Pharmacokinetic parameters used to analyze these data are listed in Table 2.10 These data were obtained from previously published studies in healthy volunteers.15-23 This method has the advantage of comparing different antibiotics in a similar population. For studies to be considered, they must have described the assay used to determine drug concentrations, used clinically relevant dosing regimens, performed an adequate pharmacokinetic analysis as determined by OPTAMA investigators, and presented the means and SDs for CL T and the volume of distribution at steady state (V d). For studies reporting pharmacokinetic profiles as a 2-compartment model, the V dβ was calculated from the terminal elimination rate constant for use in the 1-compartment model.15,17 The CL T and V d values were assumed to follow log Gaussian distributions during simulations.
Estimates of the fraction unbound for all β-lactams were derived from the package insert for each antibiotic and among the other studies previously described. The unbound fractions for these agents were treated as ranges and are also listed in Table 2. It was assumed that the fraction unbound followed a uniform distribution, whereby any value within the simulated range had an equal probability of occurring.
Monte Carlo Simulation
A 5000-subject Monte Carlo simulation (Crystal Ball 2000) was conducted to calculate the estimates of fT>MIC or total AUC/MIC ratio for each antibiotic regimen/bacterial population combination. During each iteration, different values for CL T, V d, the unbound fraction of drug (f u), and MIC were substituted into the appropriate equations on the basis of the probability distributions for each, thereby resulting in 5000 different estimates of pharmacodynamic exposure for each antibiotic regimen against each bacterial population. Values for fT>MIC and total AUC/MIC ratio were plotted on frequency curves for further analysis. For comparative purposes, the cumulative fraction of response (CFR) was determined for all antibacterial dosing regimens against each bacterial population of interest. The CFR is a term similar to pharmacodynamic target attainment that expresses the probability of achieving an exposure with a given dosing regimen against a population of pathogens.24 The CFR for obtaining a fT>MIC of at least 20%, 30%, 40%, 50%, 60%, 70%, 80%, 90%, and 100% was calculated for the β-lactams. The CFR of achieving a total AUC/MIC ratio greater than or equal to 75, 100, 125, 150, 175, 200, 225, and 250 was calculated for ciprofloxacin.12,25-27 In this analysis, bactericidal pharmacodynamic breakpoints were defined as fT>MIC of at least 40% for imipenem and meropenem, at least 50% for cefepime, ceftazidime, and piperacillin/tazobactam, and a total AUC/MIC ratio greater than or equal to 125 for ciprofloxacin.12,25,27-29 These breakpoints represent maximum bactericidal activity based on data obtained from in vitro animal and clinical pharmacodynamic studies.25,30 A bactericidal CFR greater than or equal to 90% was considered optimal; 95% confidence intervals were calculated around the bactericidal CFRs using the Wilson score method without continuity correction31 to determine the differences between agents.

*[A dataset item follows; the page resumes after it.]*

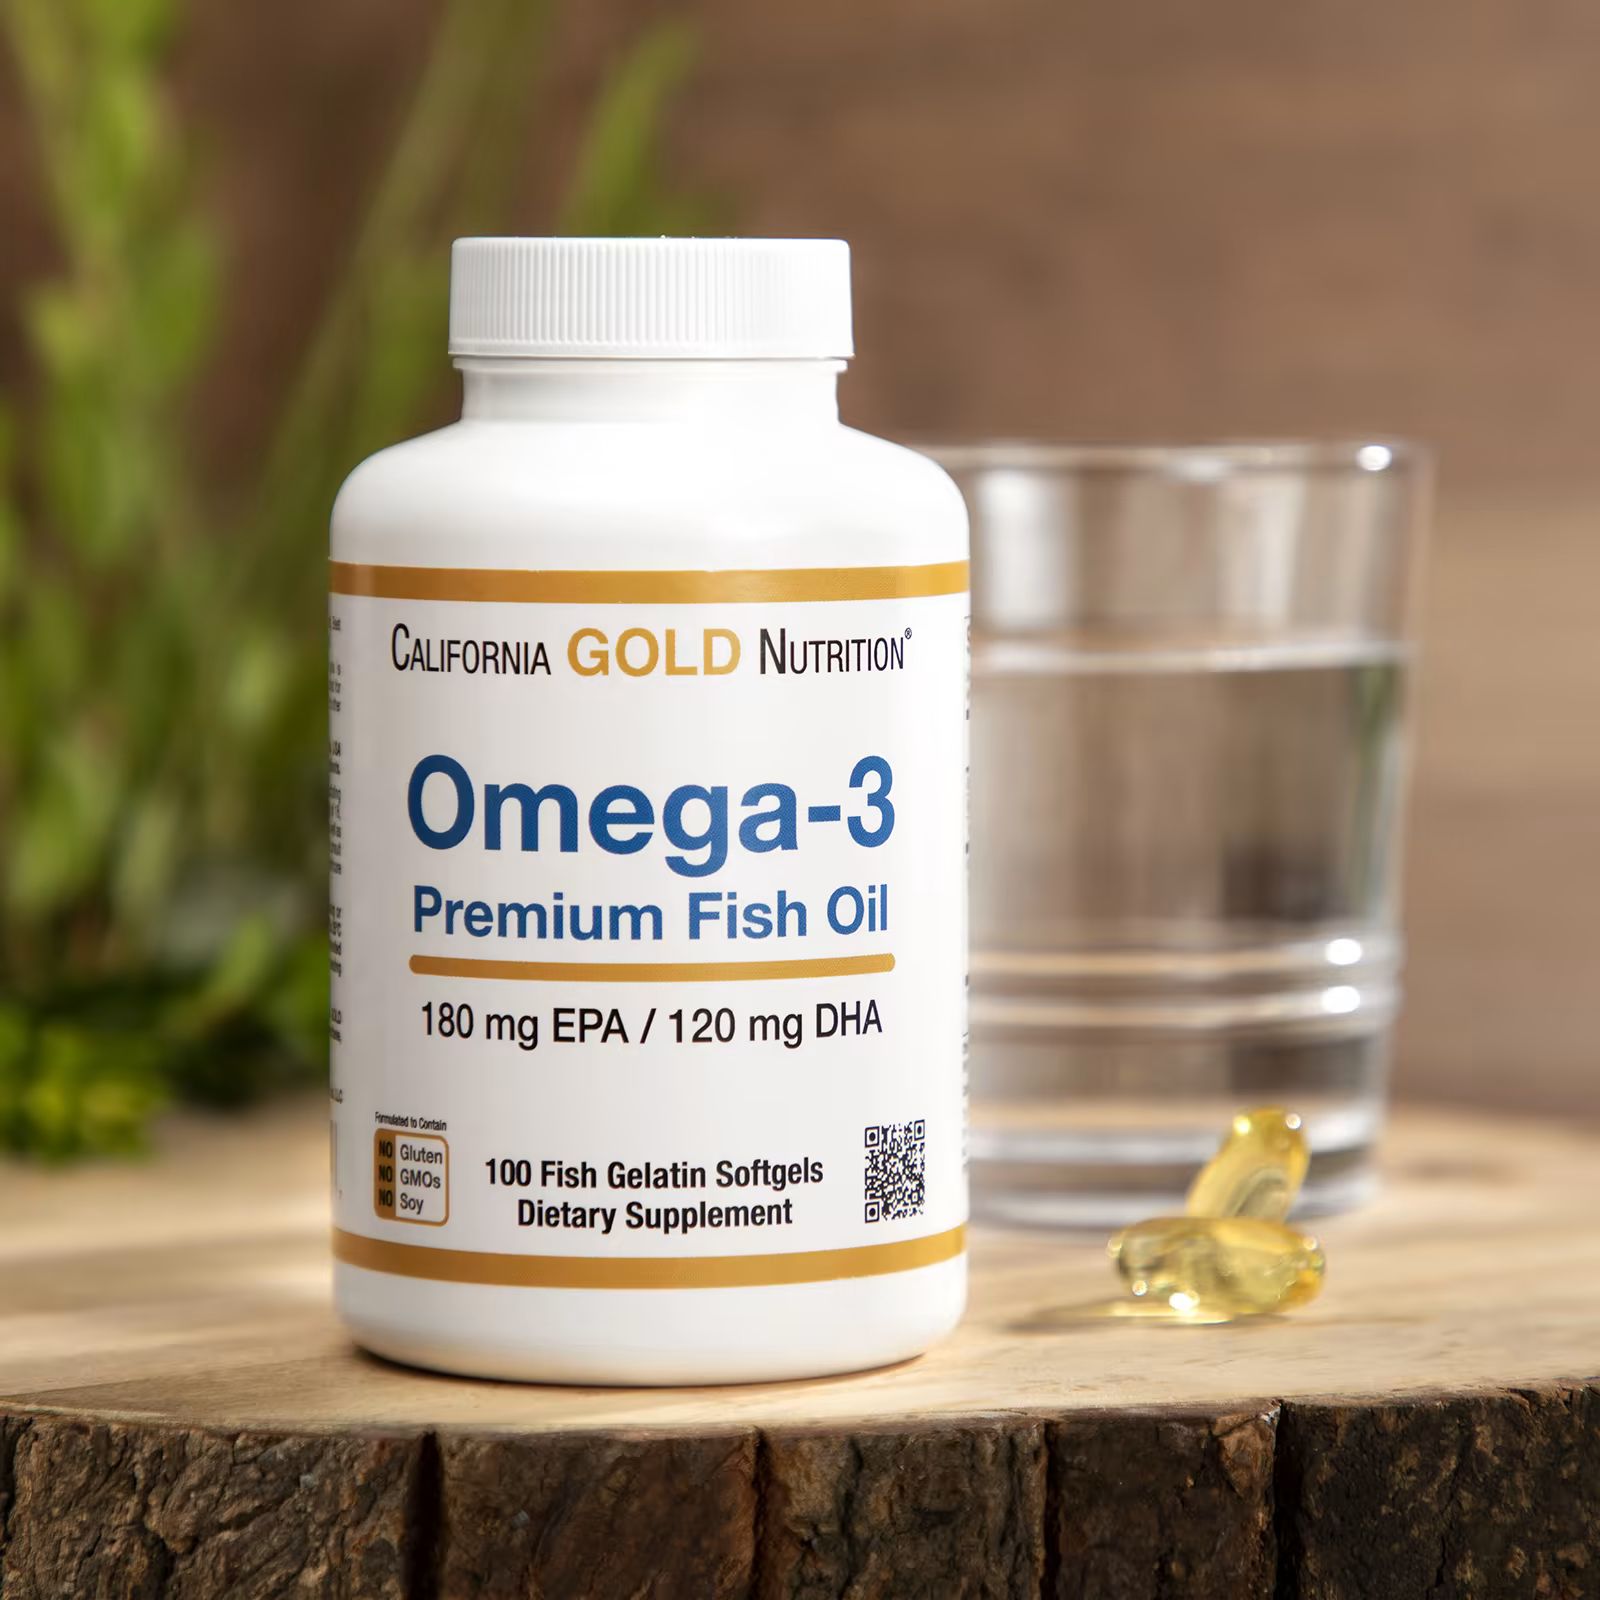 California Gold Nutrition Omega-3 Premium Fish Oil. California Gold Nutrition Омега-3. California Gold Nutrition Омега-3 800. California Gold Nutrition Omega-3 Premium Fish Oil капсулы.
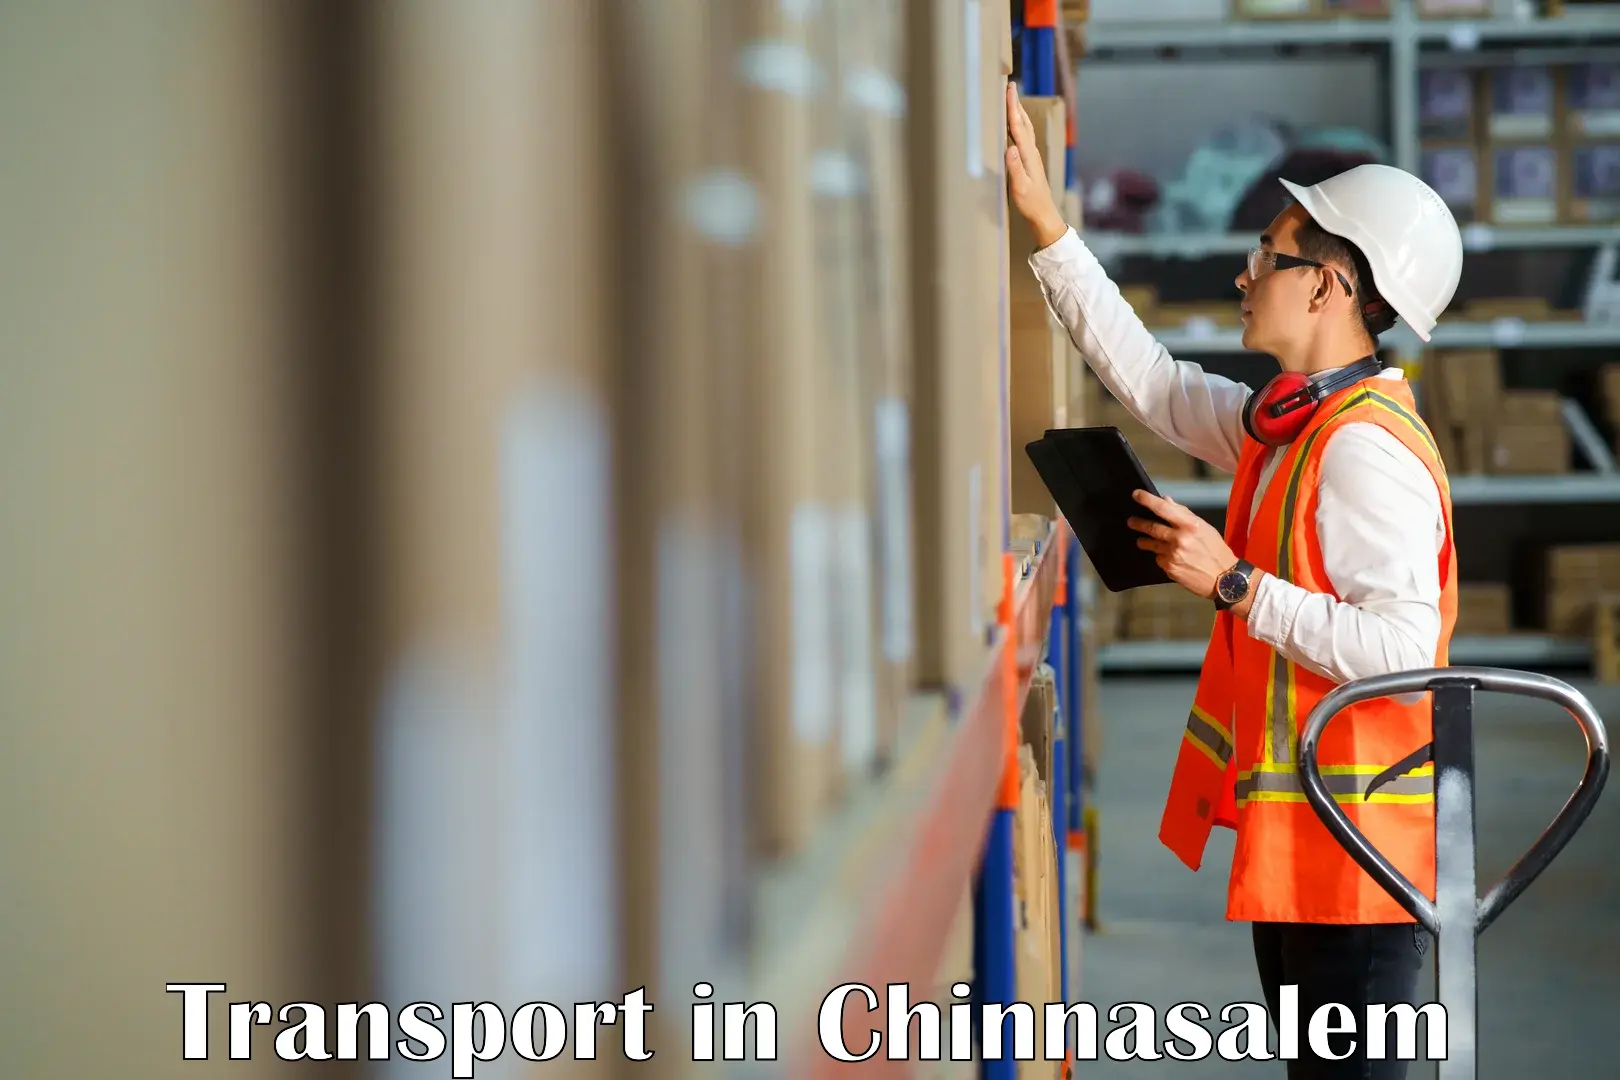 Cargo train transport services in Chinnasalem

Cumulative Fraction of Response
Table 3 lists the CFR at bactericidal pharmacodynamic target attainments for the various antimicrobial regimens. Imipenem (dosage, 1 g every 8 hours) was the only regimen to attain a bactericidal CFR greater than 90% against P. aeruginosa, although meropenem yielded a slightly lower value at 89%. Most of the β-lactam agents commonly used as first-line therapy against P. aeruginosa achieved similar bactericidal CFRs. For ceftazidime, an increase in dosage to 2 g every 8 hours raised the CFR to 82% from 73% of the 1-g dosing regimen administered every 8 hours. Between the 2 dosages simulated for piperacillin/tazobactam, the more frequent dosing regimen of 3.375 g administered every 4 hours yielded the highest CFR of 81%. Ciprofloxacin yielded the lowest CFR of 58%. Increasing the dose of this agent did not significantly improve the bactericidal CFR.
With respect to A. baumannii, no drug maintained bactericidal exposures greater than 90%. The highest CFRs were exhibited by imipenem (CFR, 83%) and meropenem (CFR, 70%). All remaining agents yielded bactericidal CFRs of less than or equal to 50%.
Against the Enterobacteriaceae, the ability to achieve bactericidal exposures was greater than 90% for all β-lactams tested. Of importance, dosages of ceftazidime (1 g every 8 hours), cefepime (1 g every 12 hours), and piperacillin/tazobactam (3.375 g every 6 hours) yielded adequate exposures such that the higher-dosing regimens used against P. aeruginosa were not necessary. The inability of ciprofloxacin (dosage, 400 mg every 12 hours) to yield equivalent CFRs to the β-lactams against E. coli is of utmost importance. Furthermore, increasing the dosage of ciprofloxacin to 400 mg every 8 hours did not improve the probability of achieving a bactericidal exposure.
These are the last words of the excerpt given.